↓

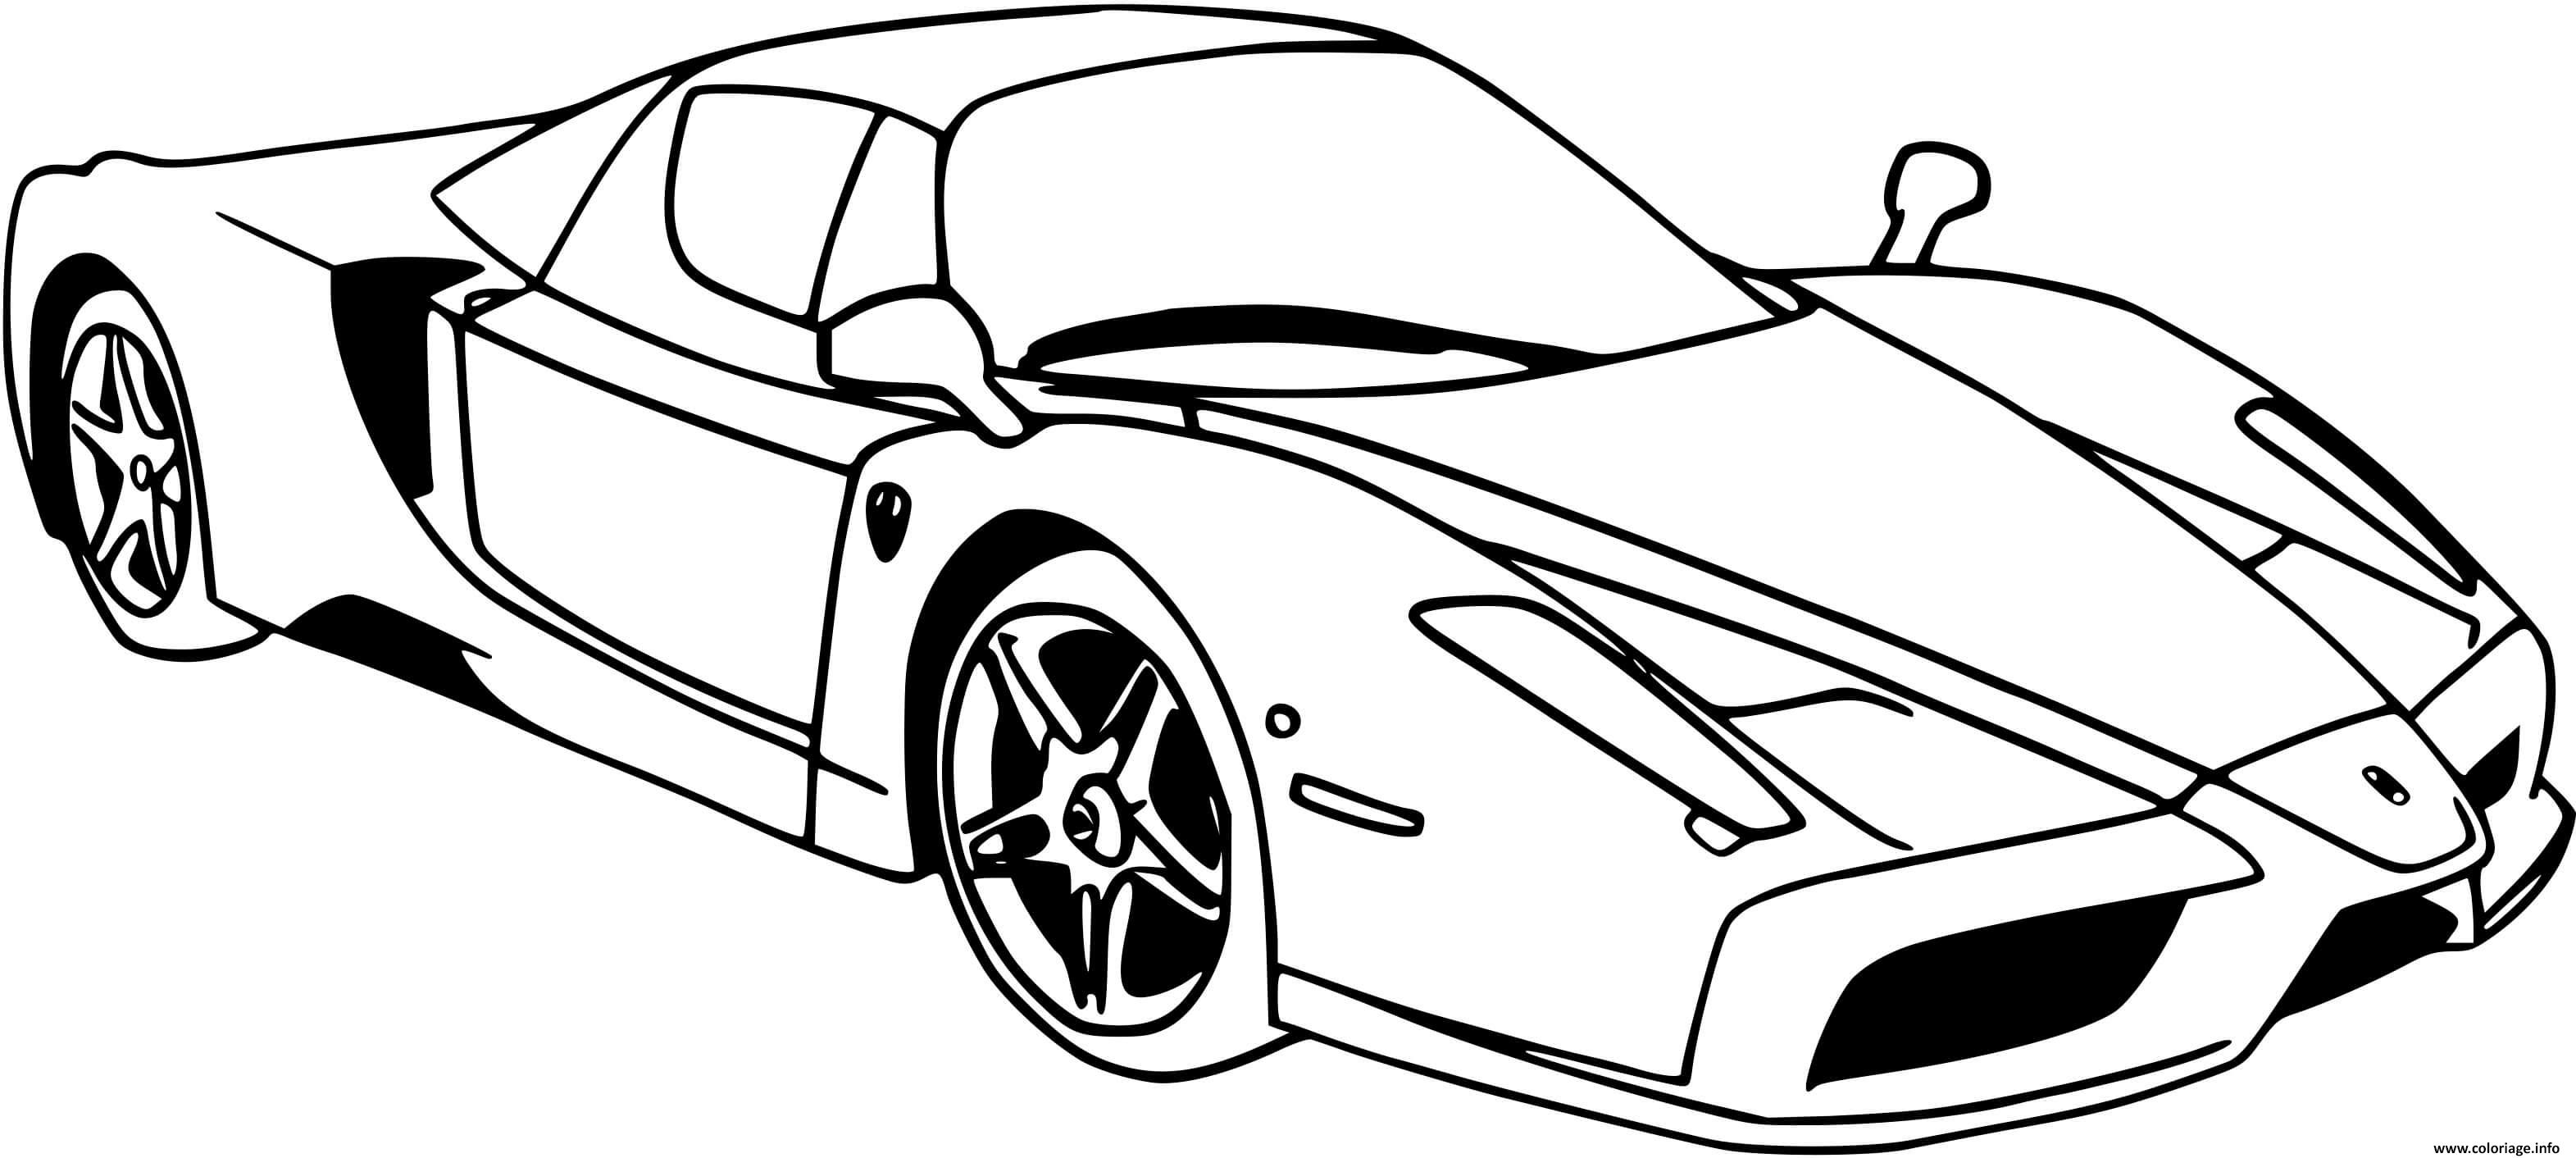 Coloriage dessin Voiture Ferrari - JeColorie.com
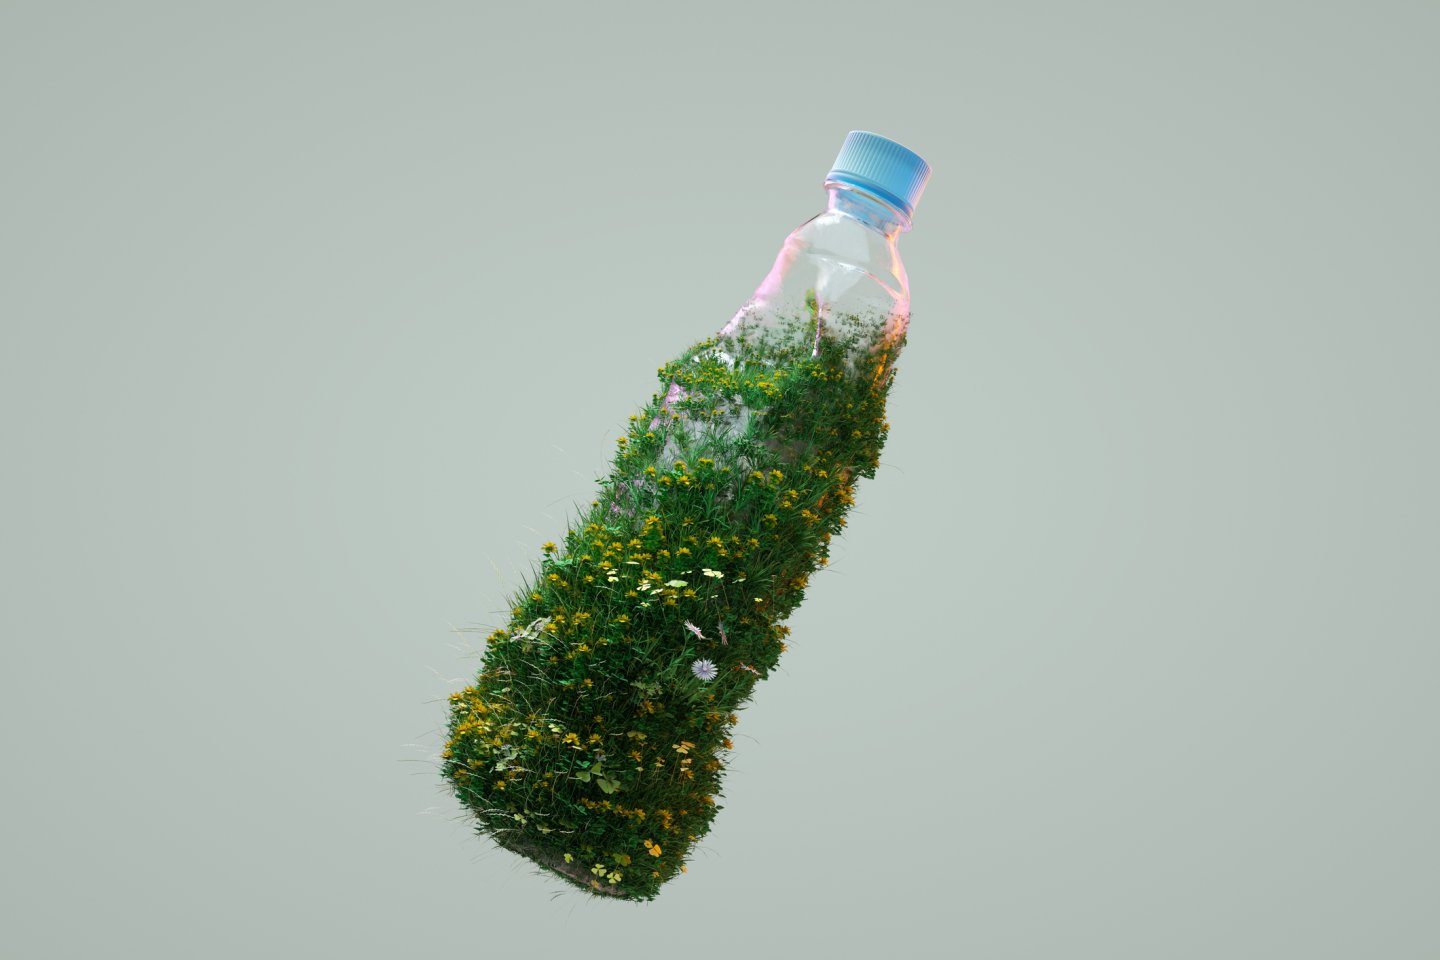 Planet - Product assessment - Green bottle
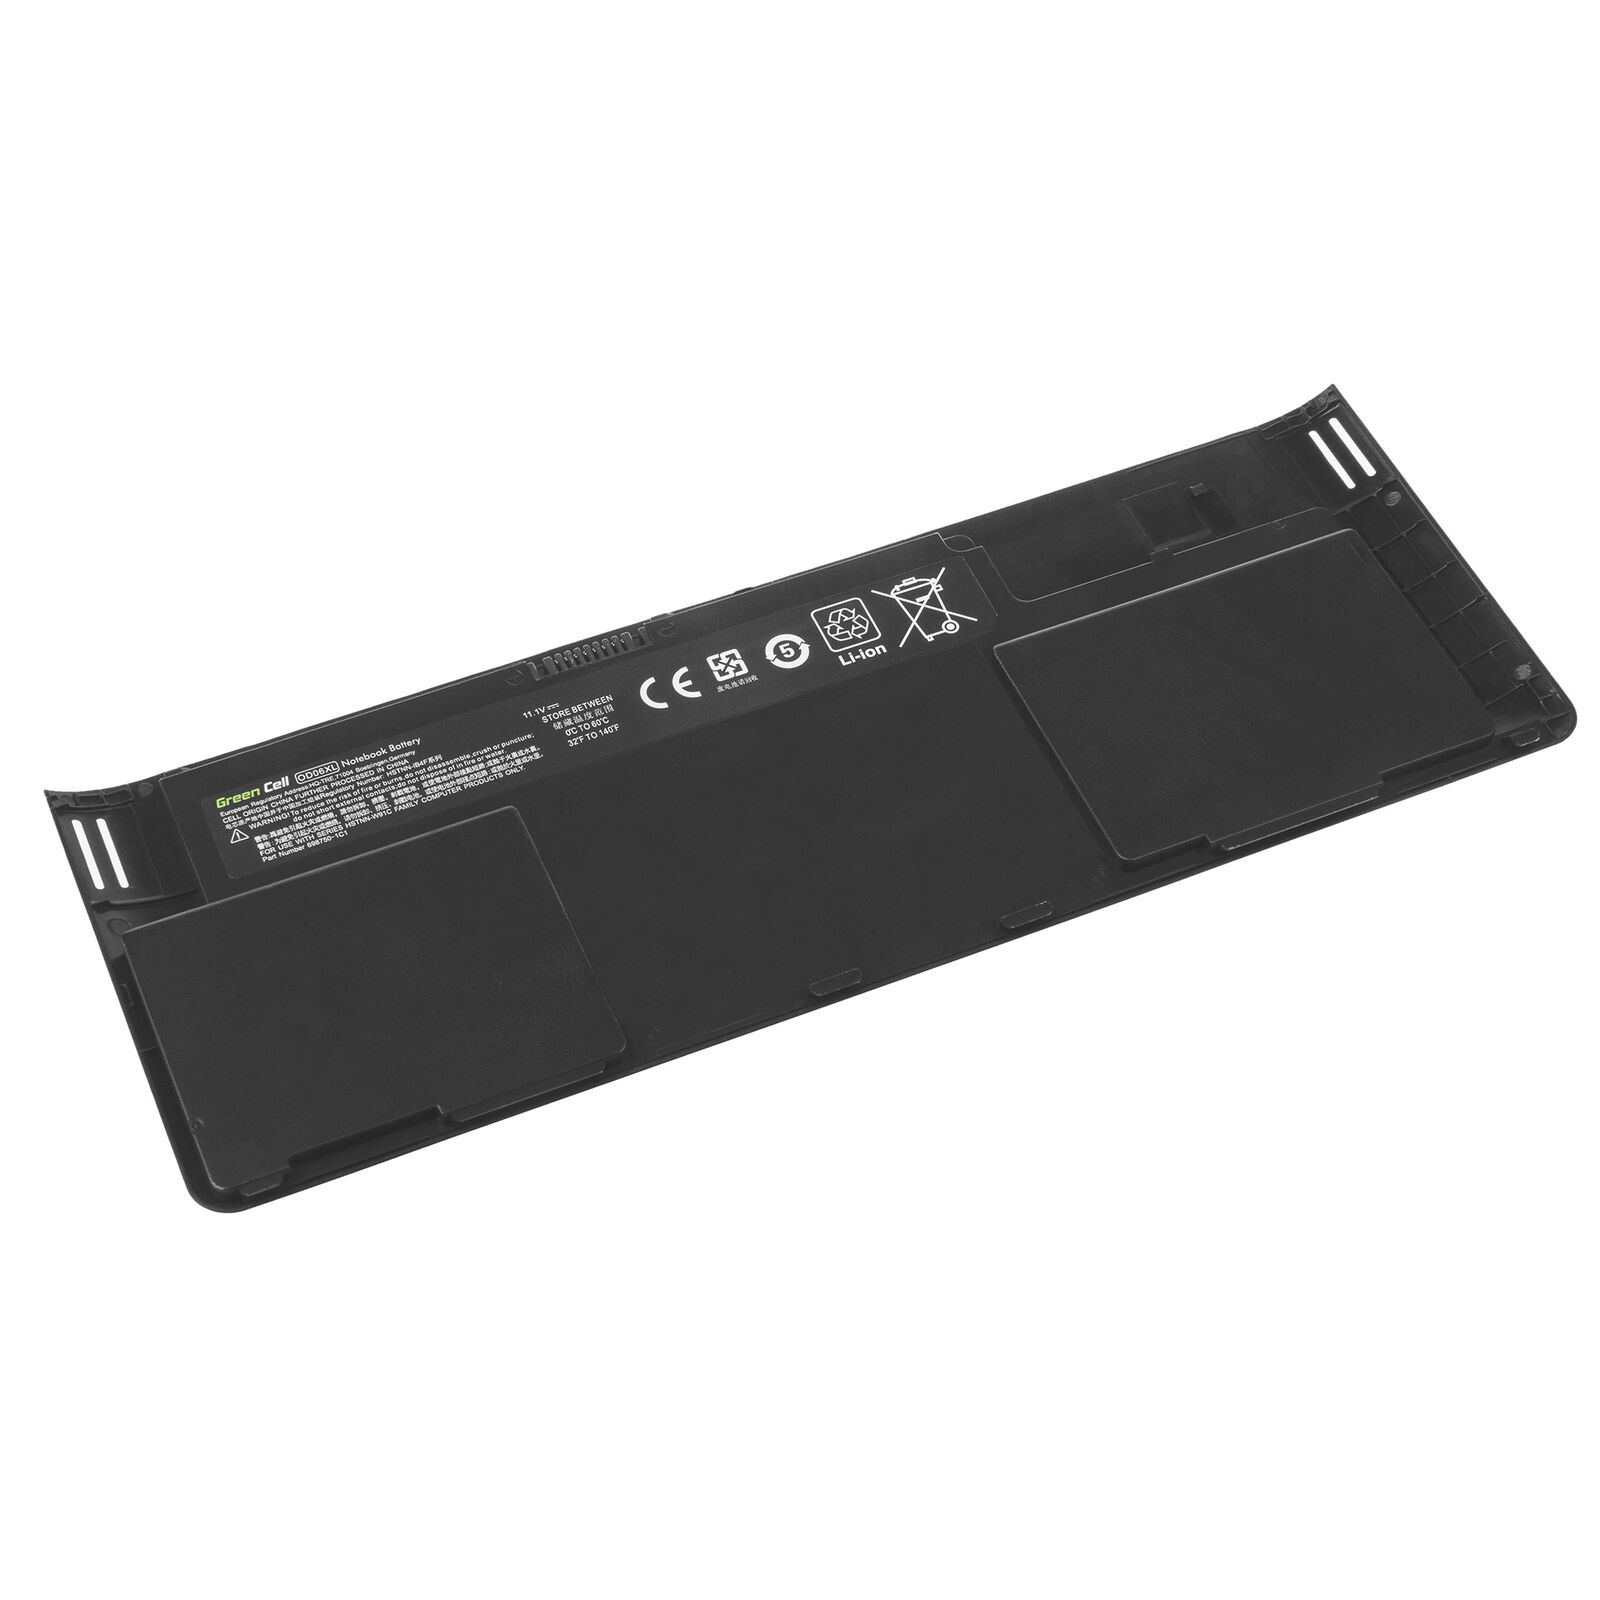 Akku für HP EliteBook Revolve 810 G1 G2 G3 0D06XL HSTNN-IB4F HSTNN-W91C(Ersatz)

↑

YOUR ASSIGNMENT:
Copy out all the data above exactly as written. Skip the pictures.

FINISHED TASK:
 Coloriage dessin Voiture Ferrari - JeColorie.com
 Planet - Product assessment - Green bottle
 Akku für HP EliteBook Revolve 810 G1 G2 G3 0D06XL HSTNN-IB4F HSTNN-W91C(Ersatz)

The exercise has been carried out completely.